● **Prompt**:
A faithful copy of the data is the goal; set it down exactly, without the images.

● **Dataset excerpt**:
-- Opening Marker --

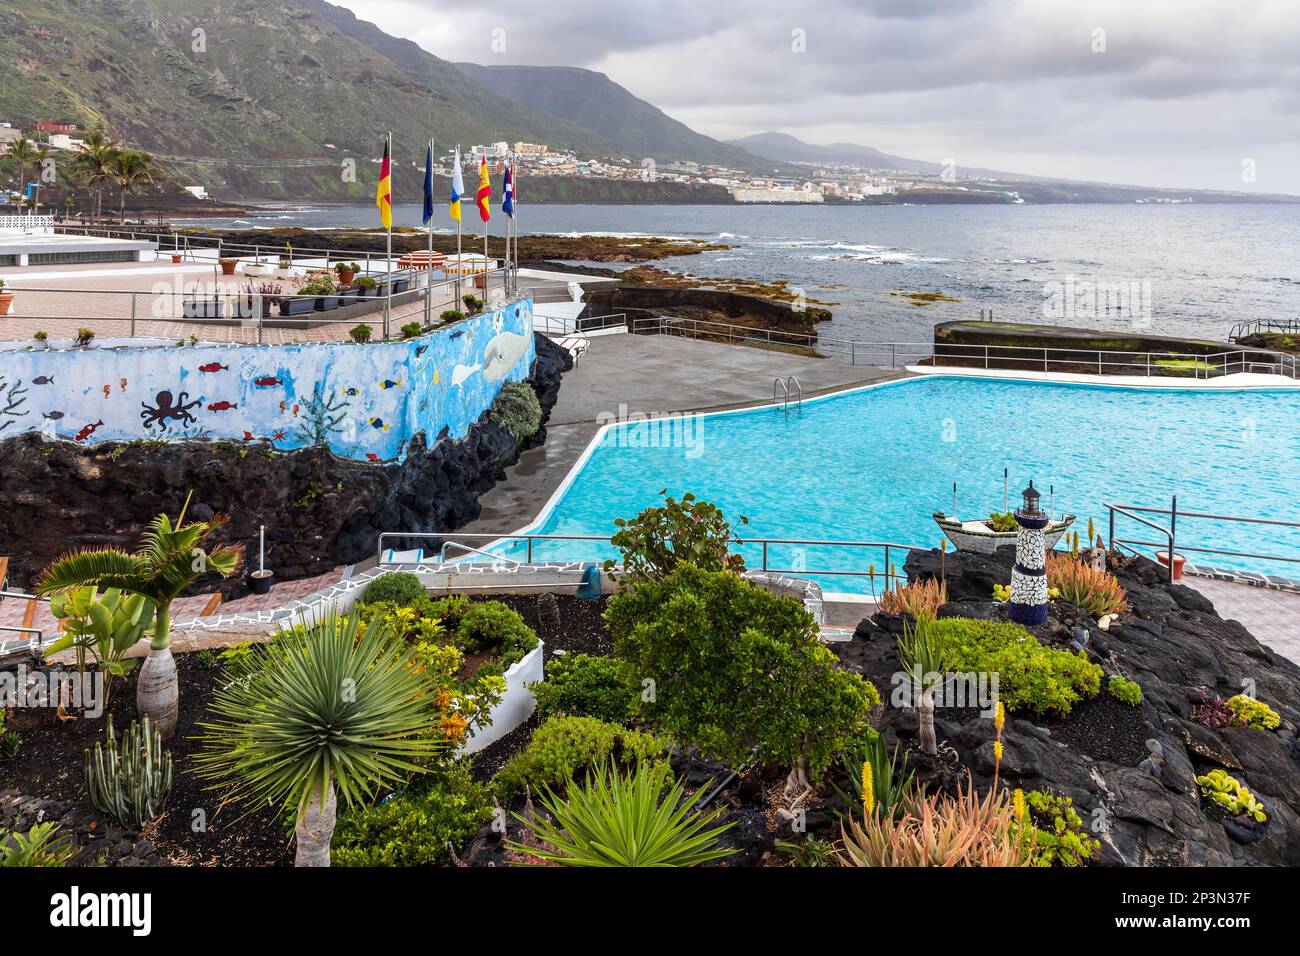 Piscinas Altagay Swimmingpool in Punta del Hidalgo auf Teneriffa, Kanarische Inseln. Stockfoto
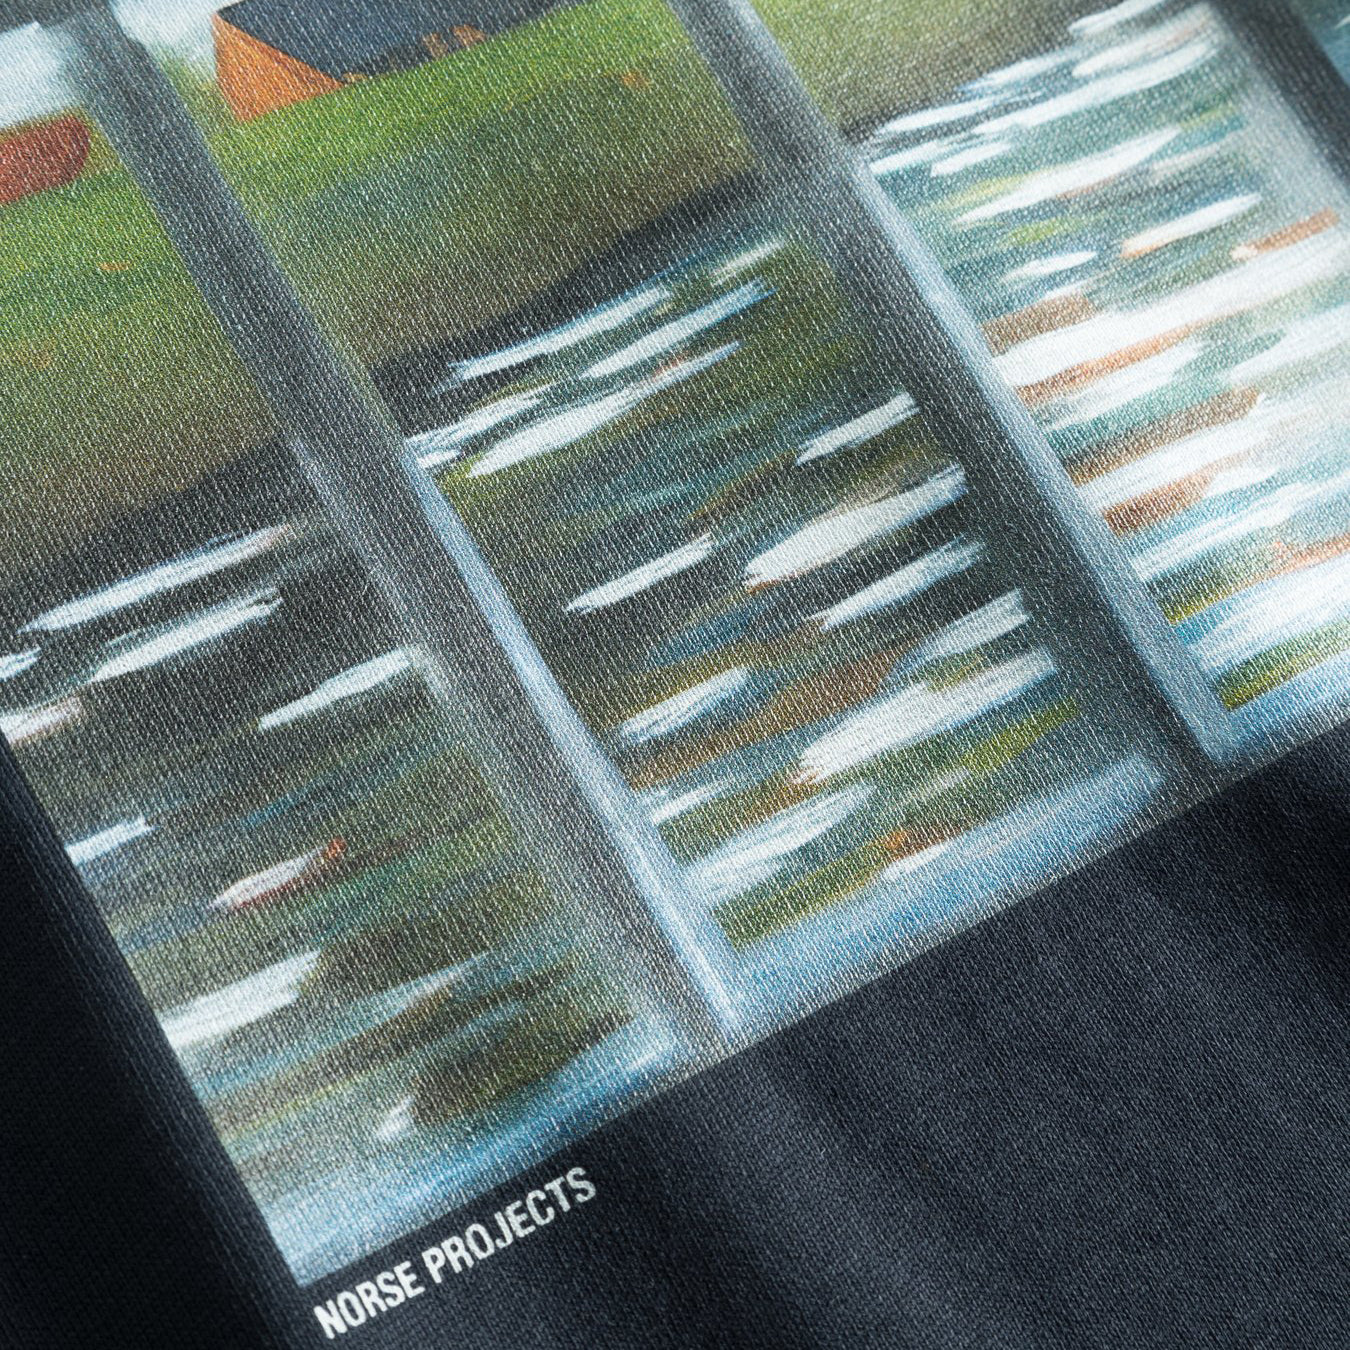 Johannes Canal Print T-Shirt - Dark Navy
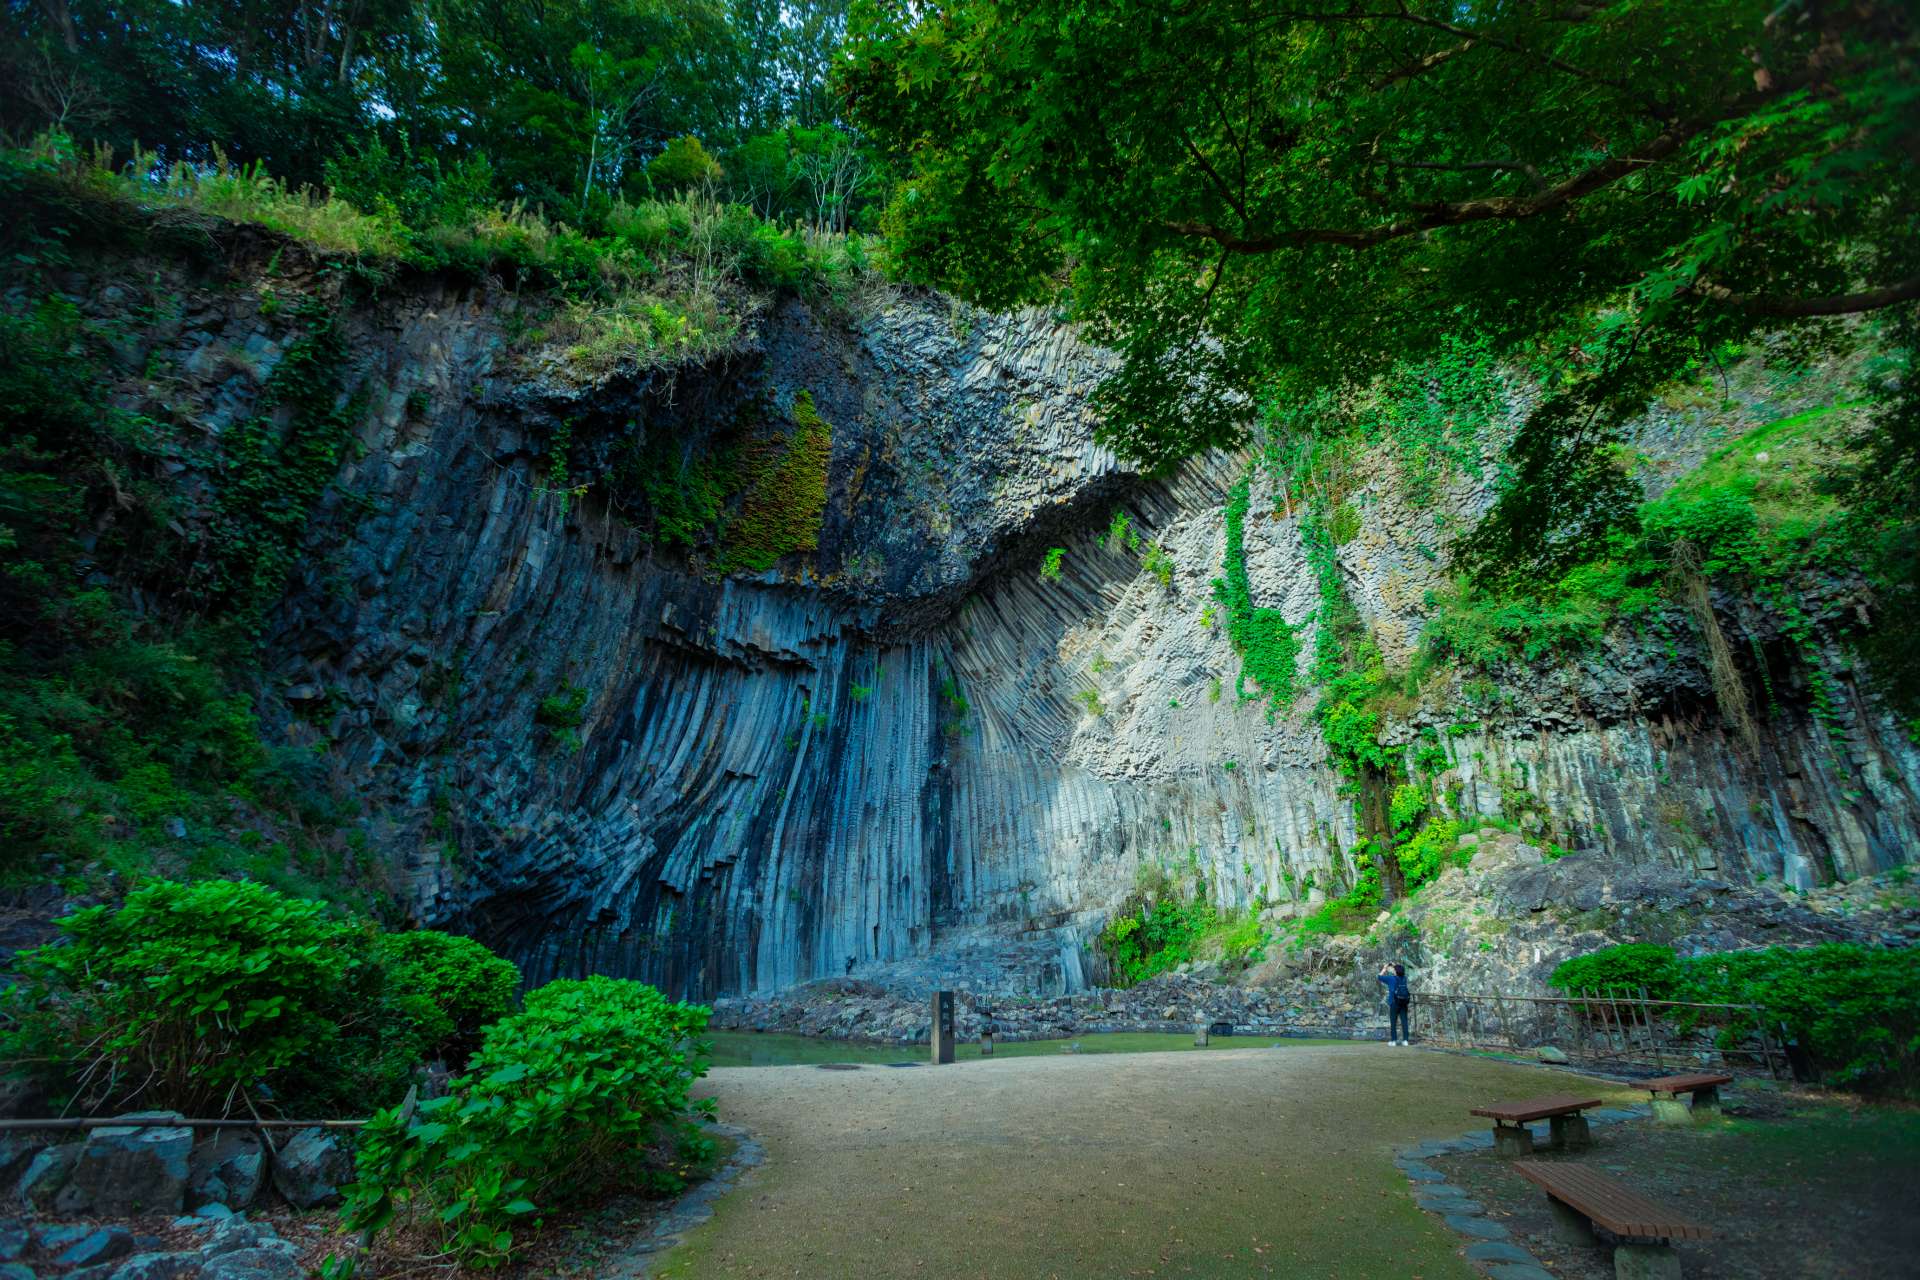 In Genbudo Park, there also are Seiryudo cave, Byakkodo cave, and Suzakudo cave.

-- Closing Marker --

● **Solution to the exercise**:
 Piscinas Altagay Swimmingpool in Punta del Hidalgo auf Teneriffa, Kanarische Inseln. Stockfoto
 Johannes Canal Print T-Shirt - Dark Navy
 In Genbudo Park, there also are Seiryudo cave, Byakkodo cave, and Suzakudo cave.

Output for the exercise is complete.